[Start of section]
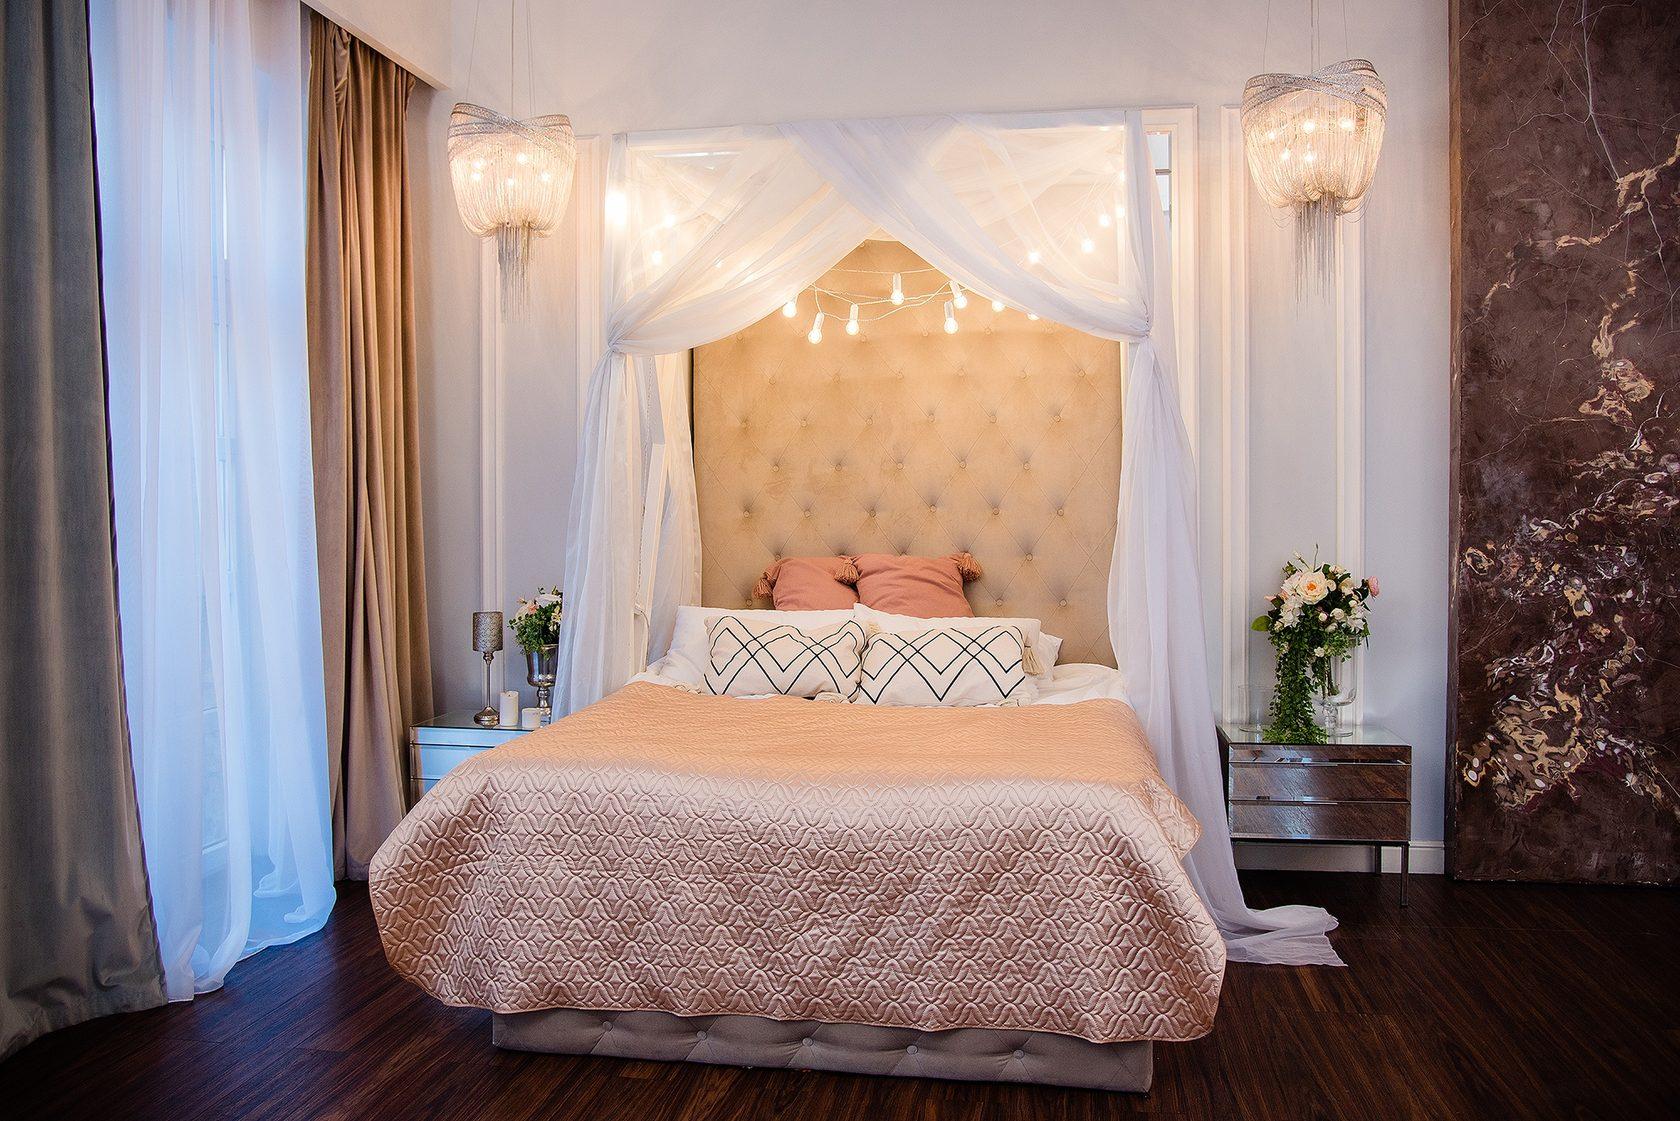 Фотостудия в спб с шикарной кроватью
[End of section]
[Start of section]
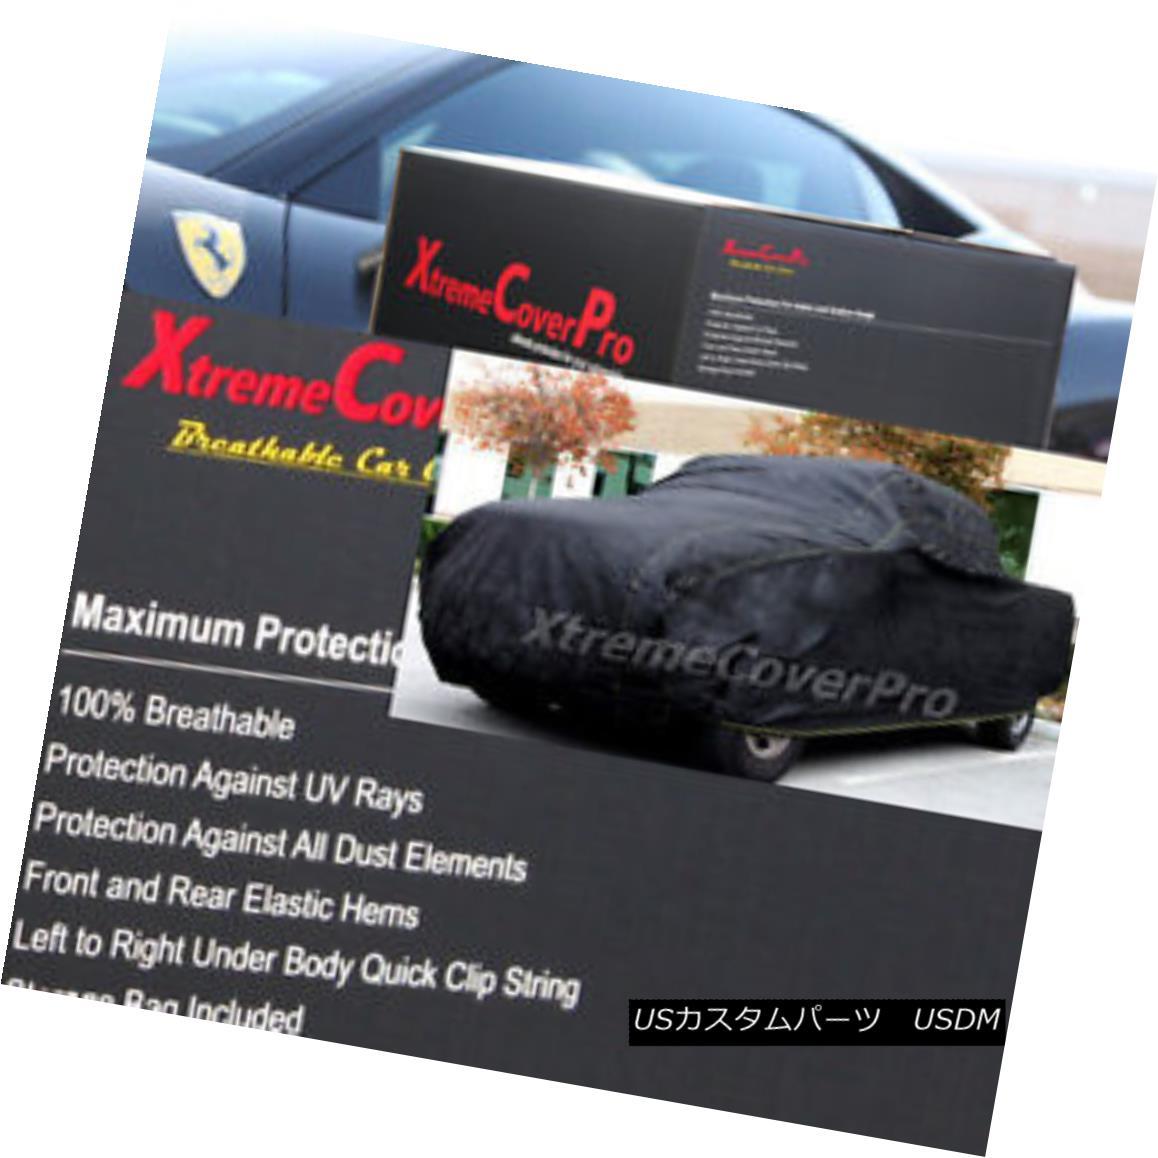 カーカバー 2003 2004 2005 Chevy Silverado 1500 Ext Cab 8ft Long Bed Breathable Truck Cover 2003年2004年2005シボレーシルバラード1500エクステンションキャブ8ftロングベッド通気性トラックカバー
[End of section]
[Start of section]
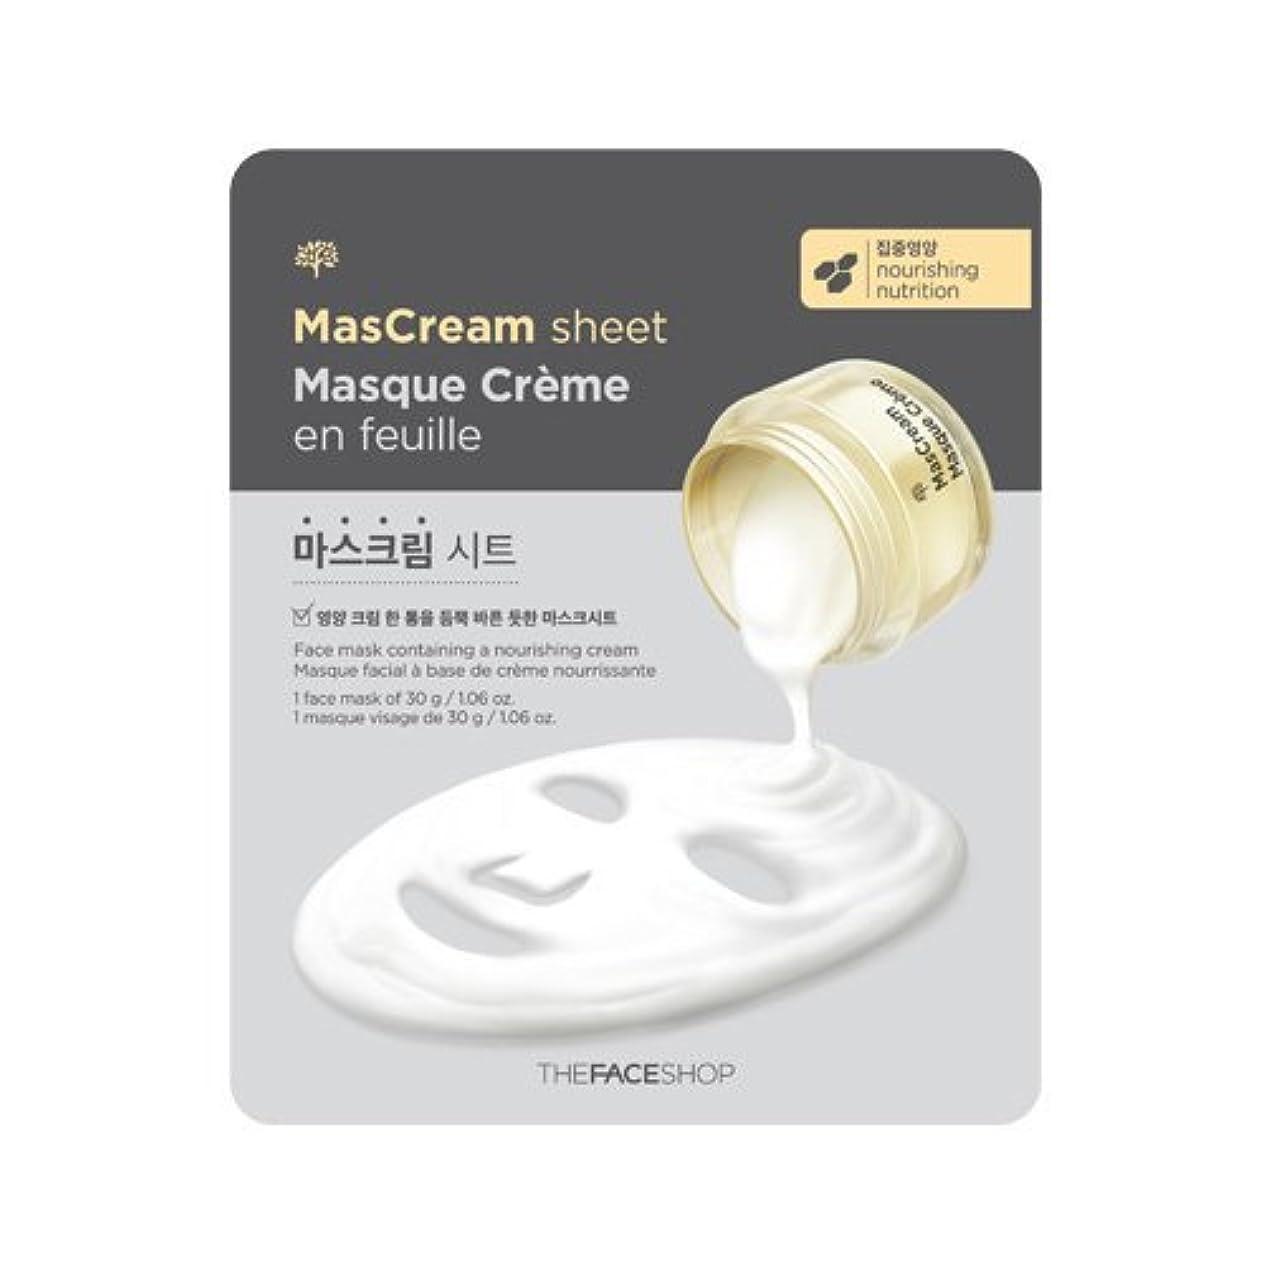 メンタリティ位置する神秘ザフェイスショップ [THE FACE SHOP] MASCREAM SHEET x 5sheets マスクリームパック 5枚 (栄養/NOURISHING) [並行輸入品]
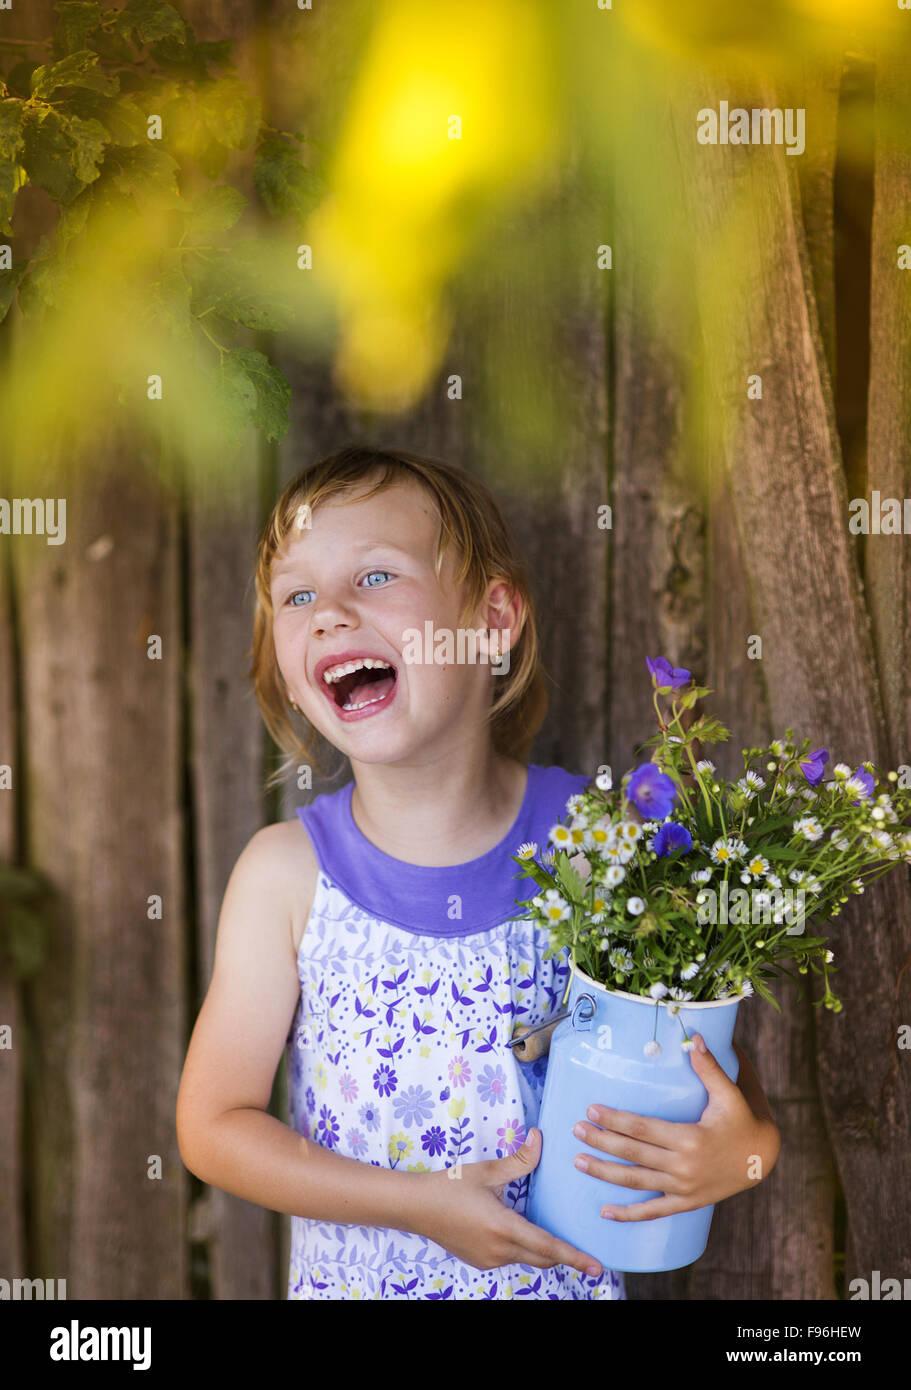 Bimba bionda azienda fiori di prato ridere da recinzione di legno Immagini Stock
[End of section]
(The task): Range to copy from the records above: the line containing "メンタリティ位置する神秘ザフェイスショップ [THE FACE" to the line containing "Bimba bionda azienda", both included. Output those lines exactly and only those, skipping pictures.

(Solution to this problem):
 メンタリティ位置する神秘ザフェイスショップ [THE FACE SHOP] MASCREAM SHEET x 5sheets マスクリームパック 5枚 (栄養/NOURISHING) [並行輸入品]
 Bimba bionda azienda fiori di prato ridere da recinzione di legno Immagini Stock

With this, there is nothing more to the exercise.